_Stored data_:
◇ ◇ ◇
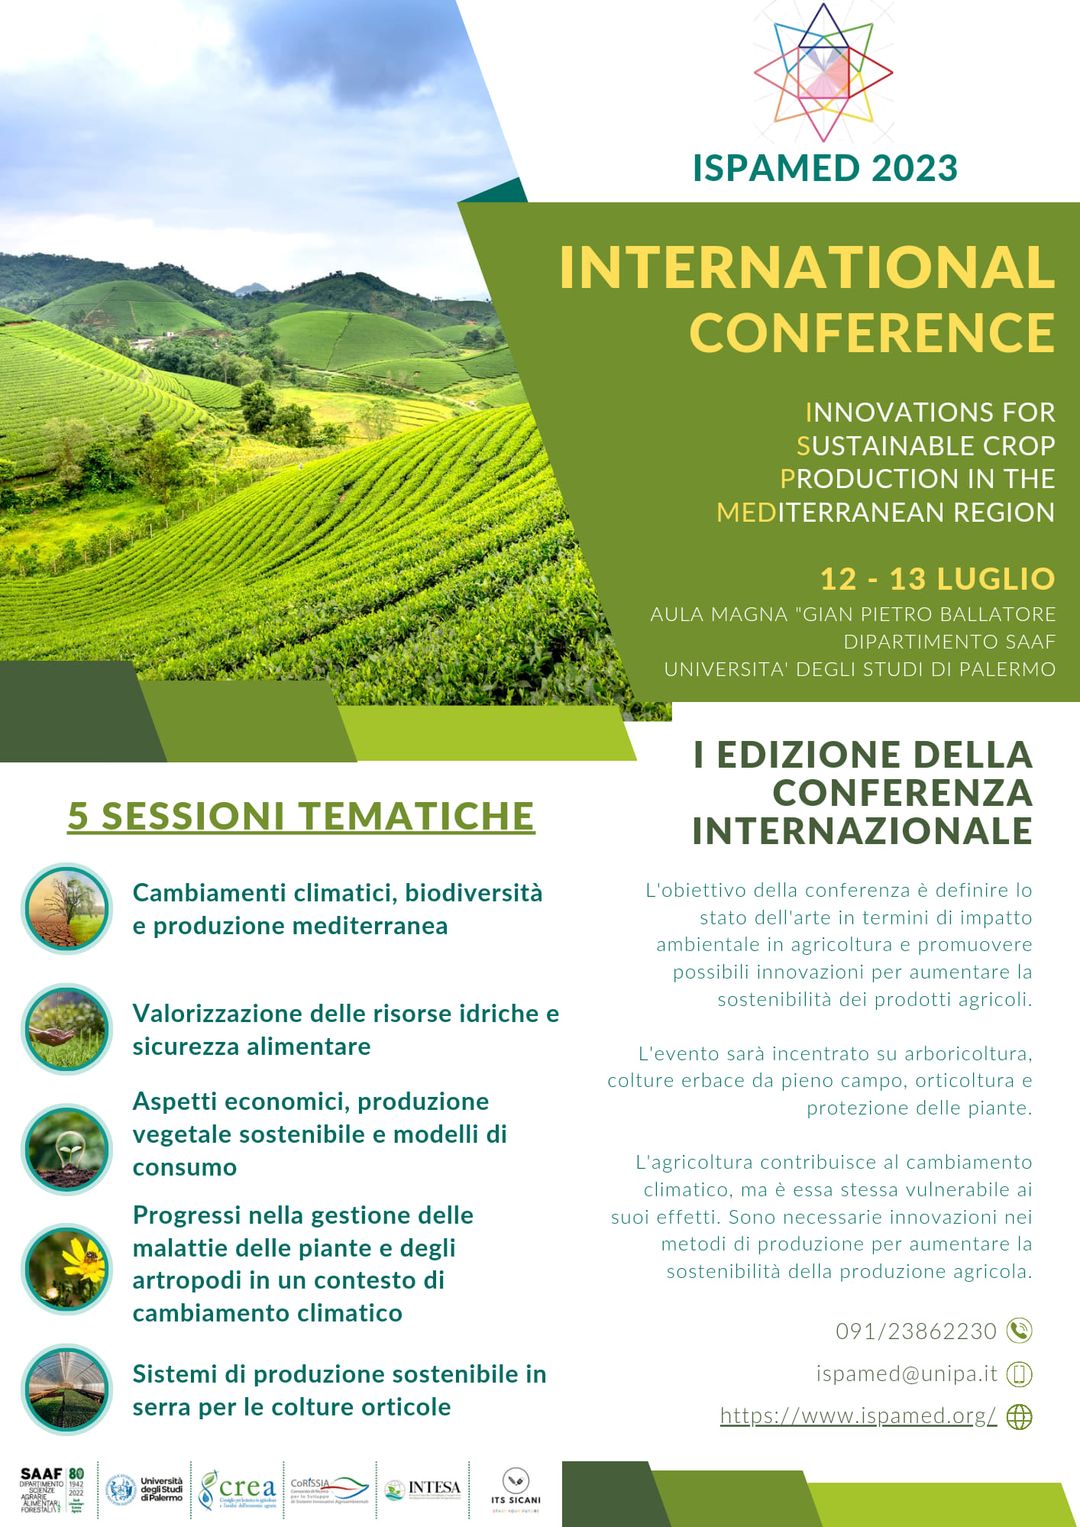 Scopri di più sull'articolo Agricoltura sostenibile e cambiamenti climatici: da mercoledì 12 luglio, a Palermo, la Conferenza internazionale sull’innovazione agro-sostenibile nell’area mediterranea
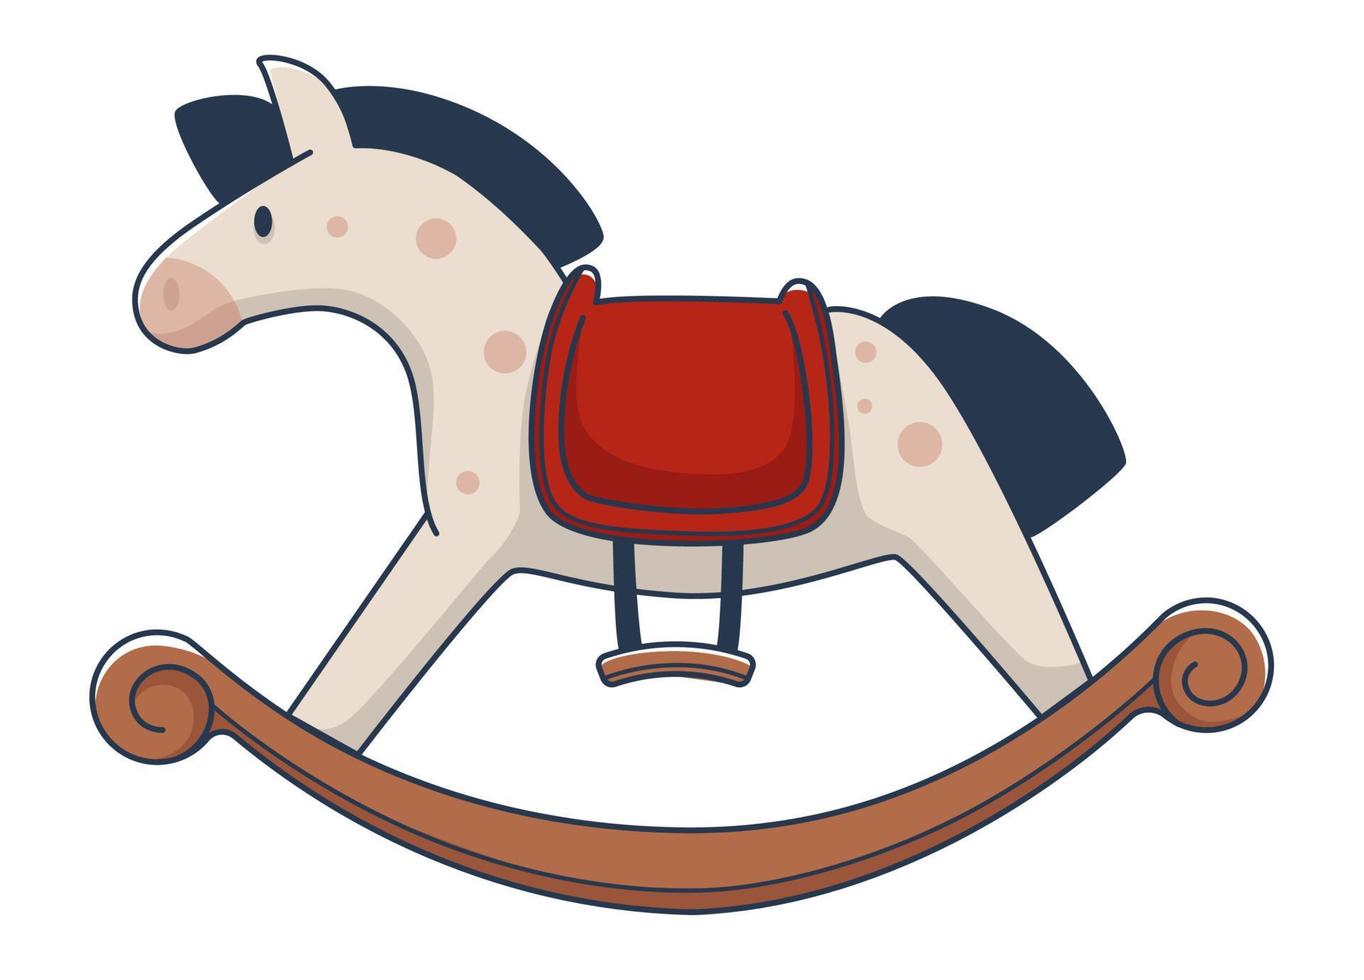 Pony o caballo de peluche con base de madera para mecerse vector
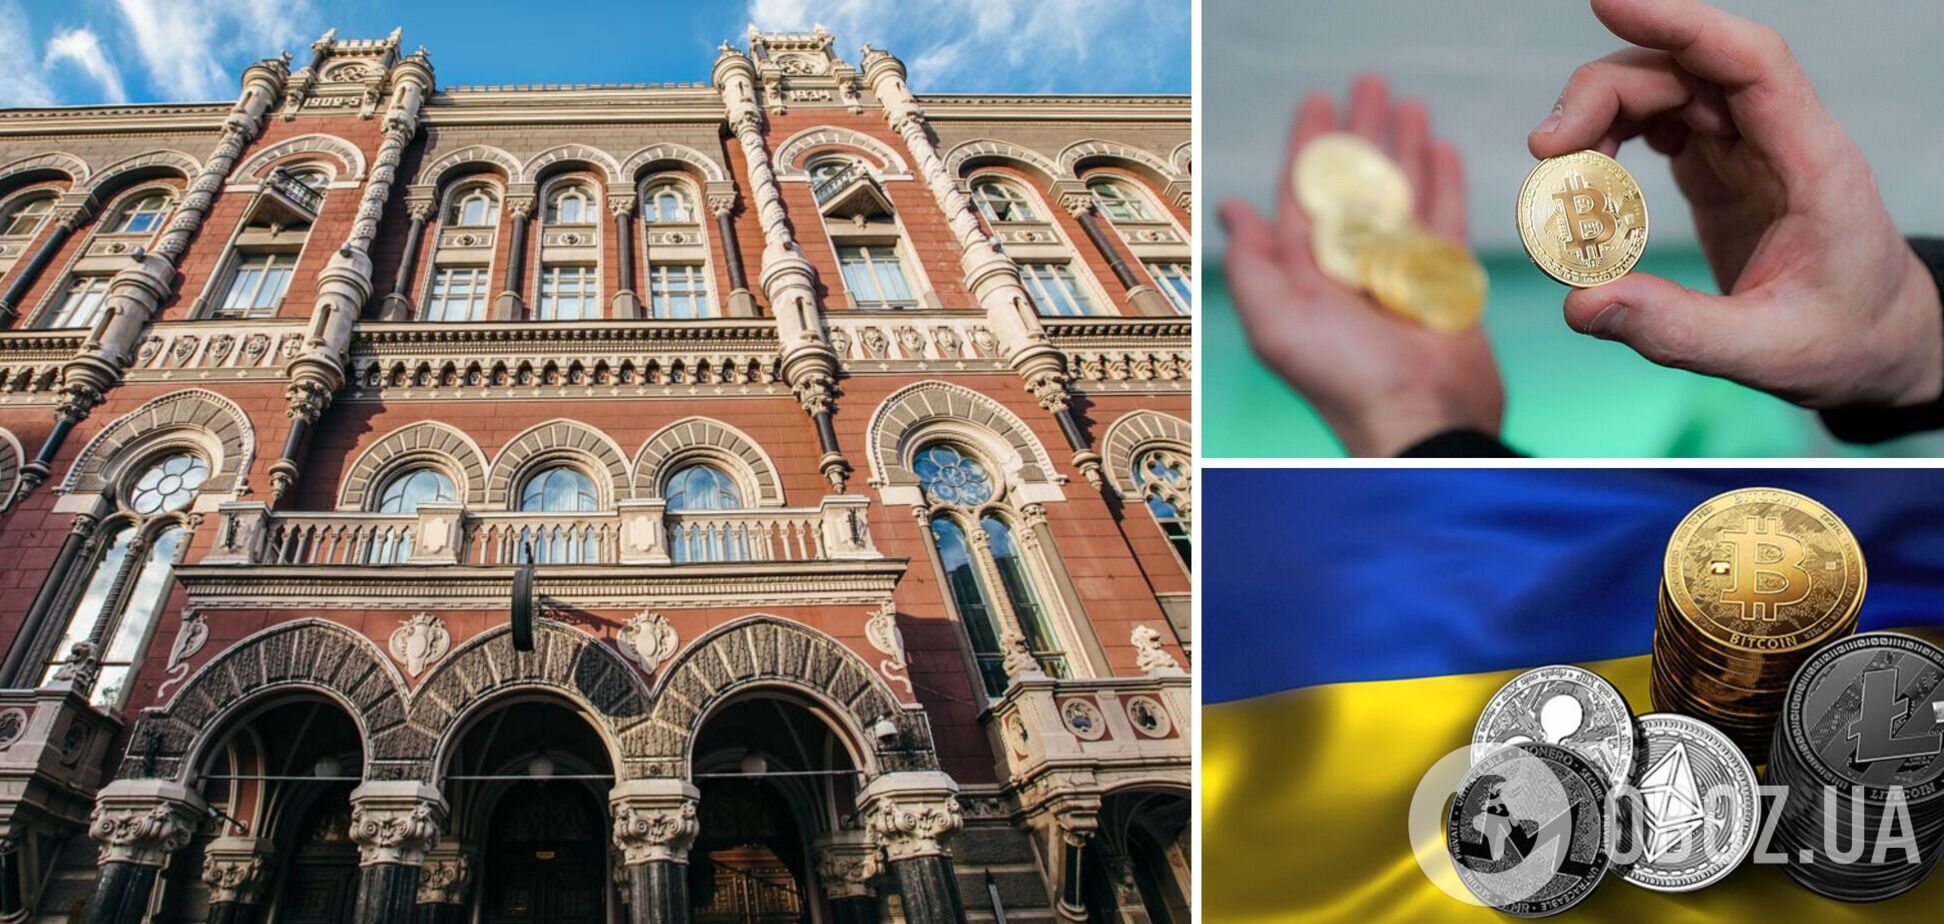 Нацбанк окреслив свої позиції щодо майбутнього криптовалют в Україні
◇ ◇ ◇
_Directions_: What is needed is a word-for-word copy of the data above, free of any images.

_Answer space_:
 Scopri di più sull'articolo Agricoltura sostenibile e cambiamenti climatici: da mercoledì 12 luglio, a Palermo, la Conferenza internazionale sull’innovazione agro-sostenibile nell’area mediterranea
 Pony o caballo de peluche con base de madera para mecerse vector
 Нацбанк окреслив свої позиції щодо майбутнього криптовалют в Україні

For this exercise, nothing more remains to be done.